第九十九話 彼女を救う方法

「どうして、ここに?」


 ルチアは、金髪の女性に尋ねる。

 彼女の事を知っているかのようだ。

 金髪の女性は、微笑むだけであった。


「ルチア、知っているのか?」


「うん、幼い頃、育ててくれたの」


 クロスは、ルチアに尋ねる。

 やはり、気になっていたのだろう。

 ルチアの金髪の女性は、知り合いなのではないかと。

 ルチア曰く、幼いときに共に過ごしてきたらしい。

 しかも、親代わりとして。

 だが、見た目の年齢は、ルチアと大差ないように思える。

 と言う事は、彼女は、人間ではなく、精霊か精霊人なのだろう。


「エデニア諸島を守るために、私は、ここに来ました。彼と共に」


 金髪の女性は、説明する。

 エデニア諸島を守るためだというのだ。

 隣にいる金髪の男性へと視線を向けながら。

 金髪の男性は、ただただ、微笑むばかりであった。


「なぜ、貴様がいる」


「どういう事だ?」


 クロウは、金髪の男性をにらむ。

 しかも、彼の事を「貴様」と呼んで。

 クロスも、問いただす。

 まるで、彼らは、金髪の男性の事を恨んでいるかのようだ。

 ここにいることすら、信じられないように思っているのだろうか。


「知ってるの?」


「ああ」


 ルチアは、クロウに尋ねる。

 二人は、金髪の男性と知り合いなのだと悟って。

 クロウは、うなずくが、それ以上は、答えなかった。

 どうやら、金髪の男性と何かあったらしい。

 何があったのか、答えないが。


「私も、同じだよ。罪を償わなければいけないから」


 金髪の男性は、穏やかな表情で答える。

 罪を償う為に、彼女と共にいるようだ。

 それでも、クロスとクロウは、にらんでいた。

 罪を償うと言われても、信じられないのかもしれない。

 許せないのかもしれない。

 ルチアは、聞きたいところであったが、何も問わなかった。

 クロスとクロウの事を気遣って。


「ルチア、ヴィオレットは、まだ死んでいません」


「どうして?」


 金髪の女性は、ヴィオレットは死んでいないとルチアに告げる。

 だが、ルチアは、信じられなかった。

 ヴィオレットは、自分の目の前で、剣を刺し、自害したのだ。

 ゆえに、ヴィオレットは、目を閉じたままだ。

 目覚めることはない。

 ルチアは、そう、思っていた。

 なのに、なぜ、金髪の女性は、ヴィオレットは、死んでいないと断言できるのであろうか。

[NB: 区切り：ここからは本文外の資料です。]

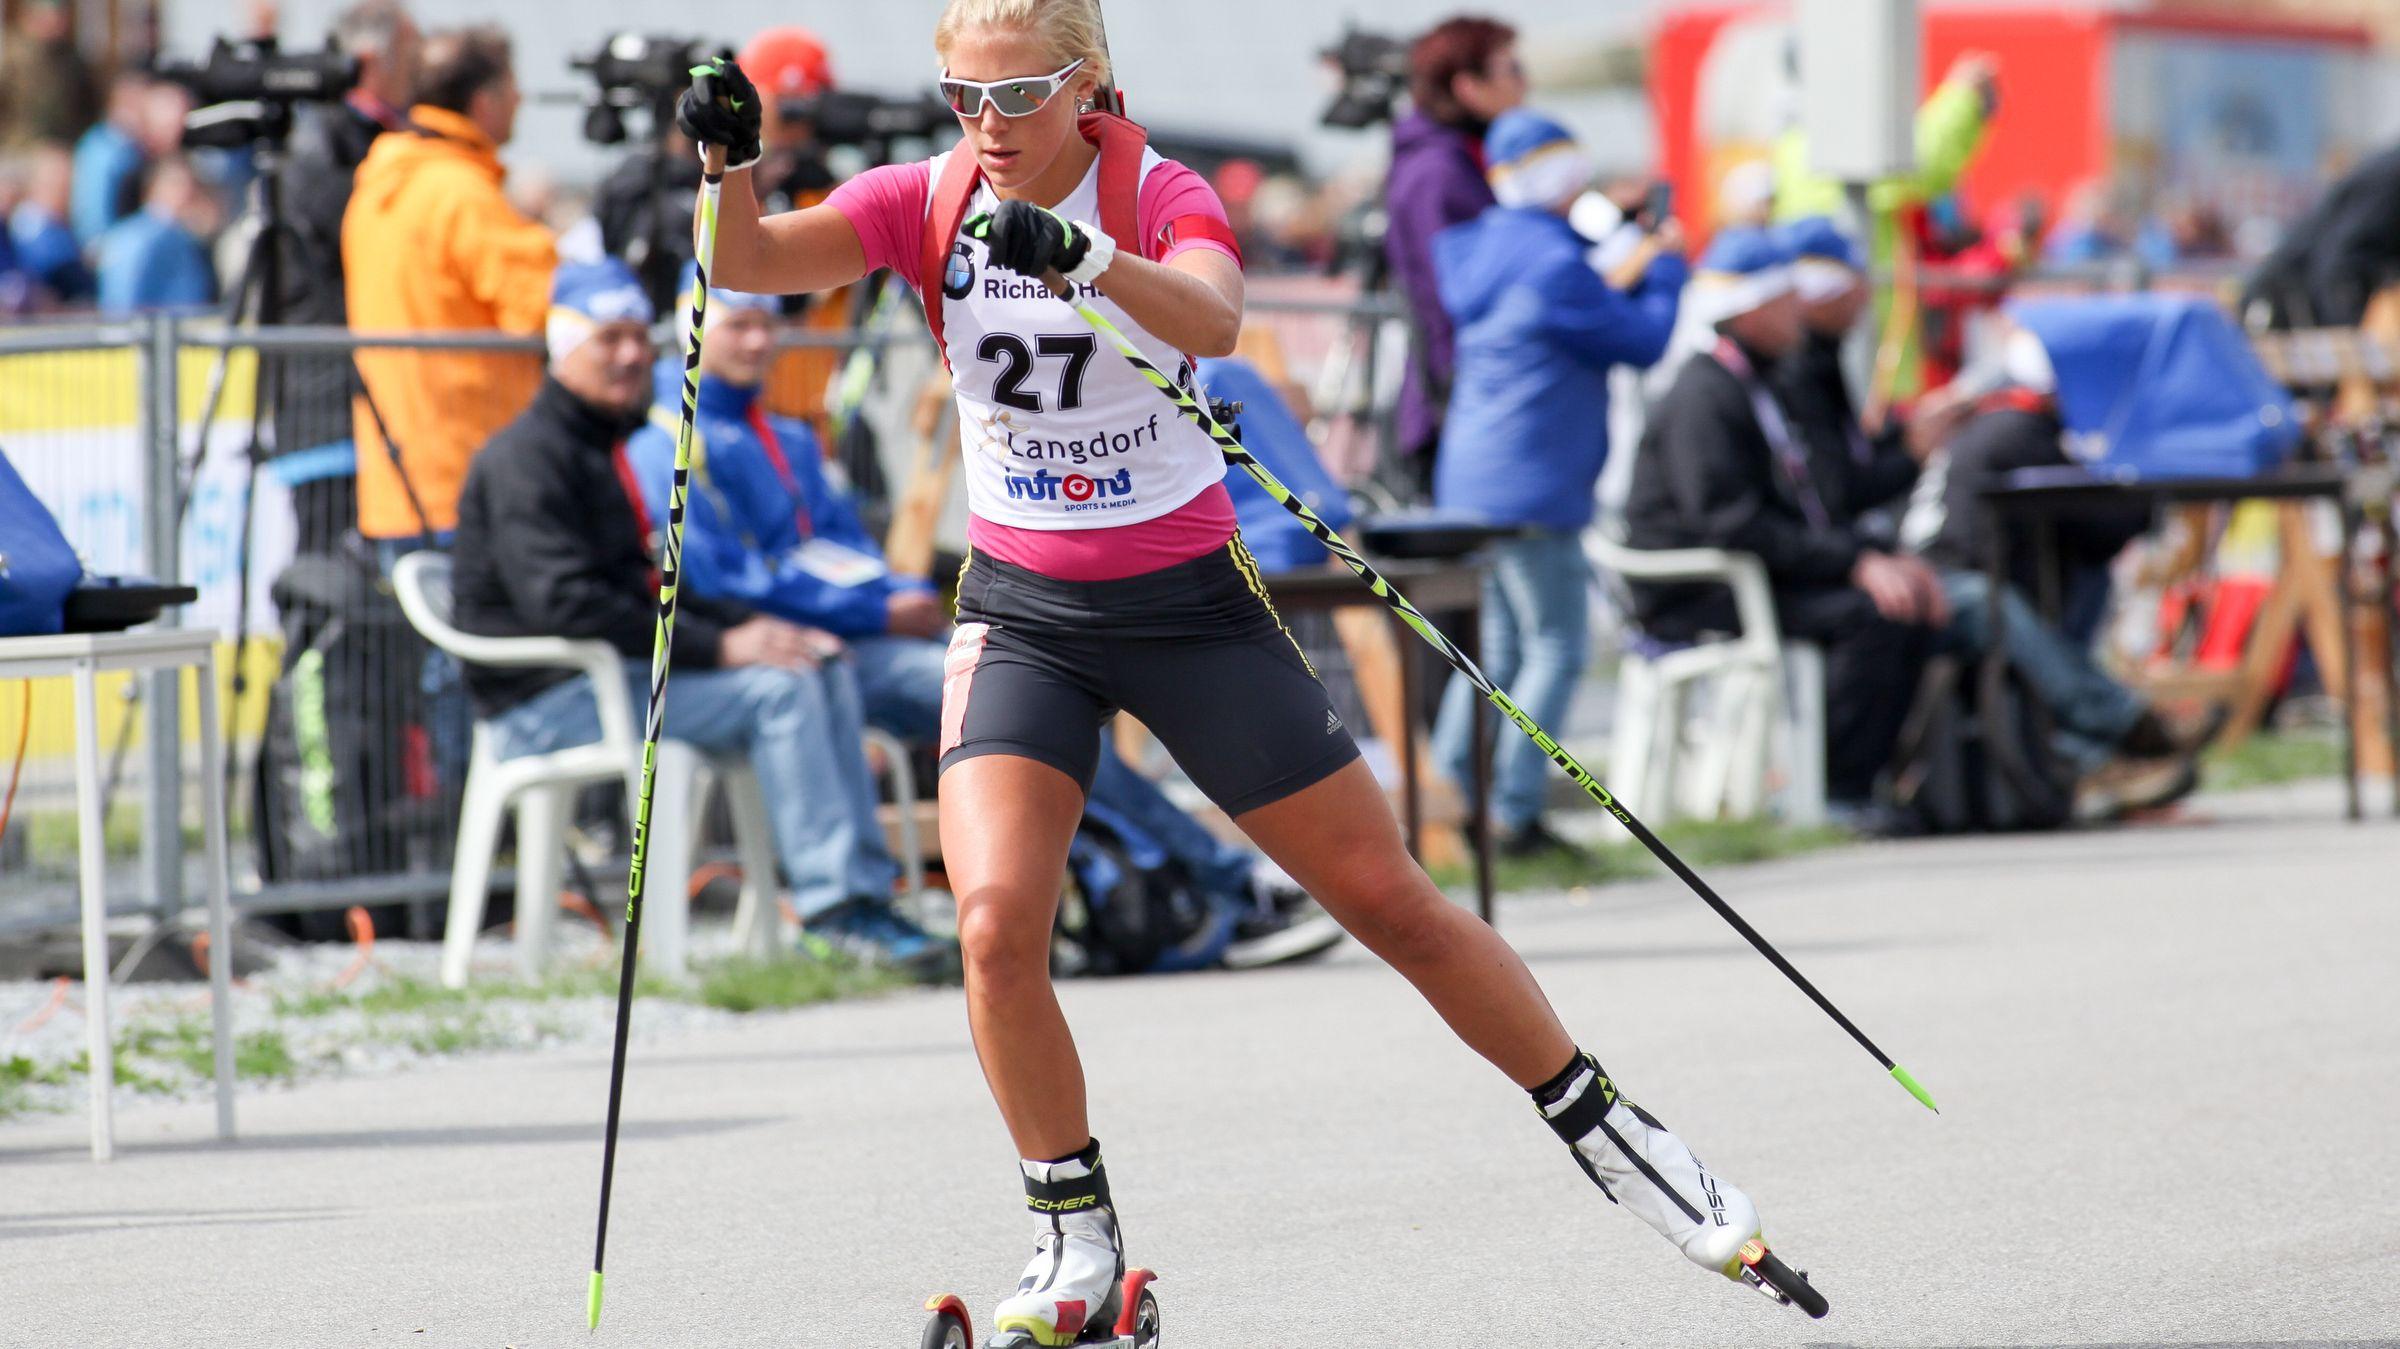 Deutsche Biathlon Meisterschaft 2015: Karolin Horchler beim Sprinten

「この体は、作られた体なのです。宝石が埋め込まれているでしょう?」


「本当だ」


 金髪の女性は、理由を語る。

 今、目の前にあるヴィオレットの体は、作られた体だというのだ。

 その証拠に宝石が埋め込まれてある。

 ルチアも、ヴィオレットの体を覗き込むと、胸元に宝石が埋め込まれているのが、わかった。

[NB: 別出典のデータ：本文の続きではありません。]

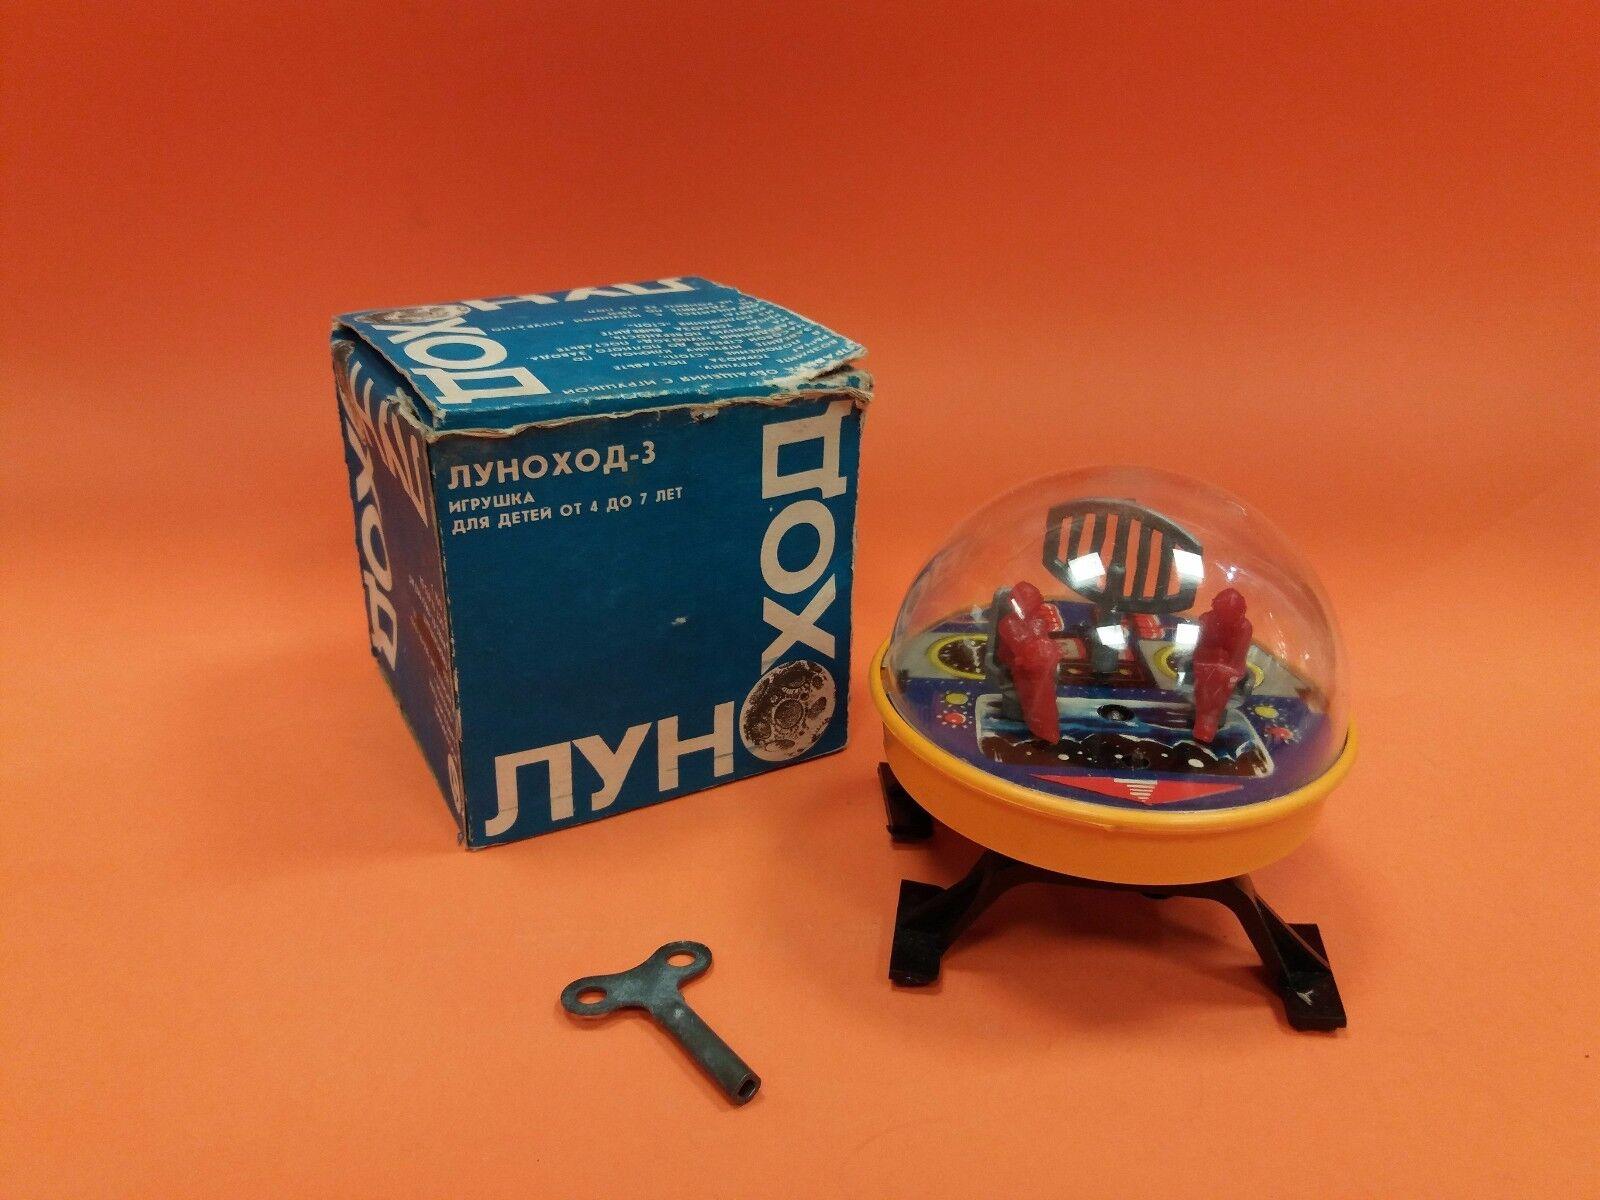 Das sowjetische raumfahrtprogramm der udssr selten wind-up spielzeug moonrover + box

「そうだ。私も、確か、宝石を埋め込まれたんだ。戦闘能力を高める為に」


「ええ。体から、魂を切り離して」


 金髪の女性の話を聞いたルチアは、思い出す。

 ルチアも、かつて、宝石を体に埋め込まれていたのだ。

 戦闘能力を高めるためだと説明を受けて。

 だが、今思えば、自分が、なぜ、ヴィオレットに刺されたのに、助かったのか、わかる気がした。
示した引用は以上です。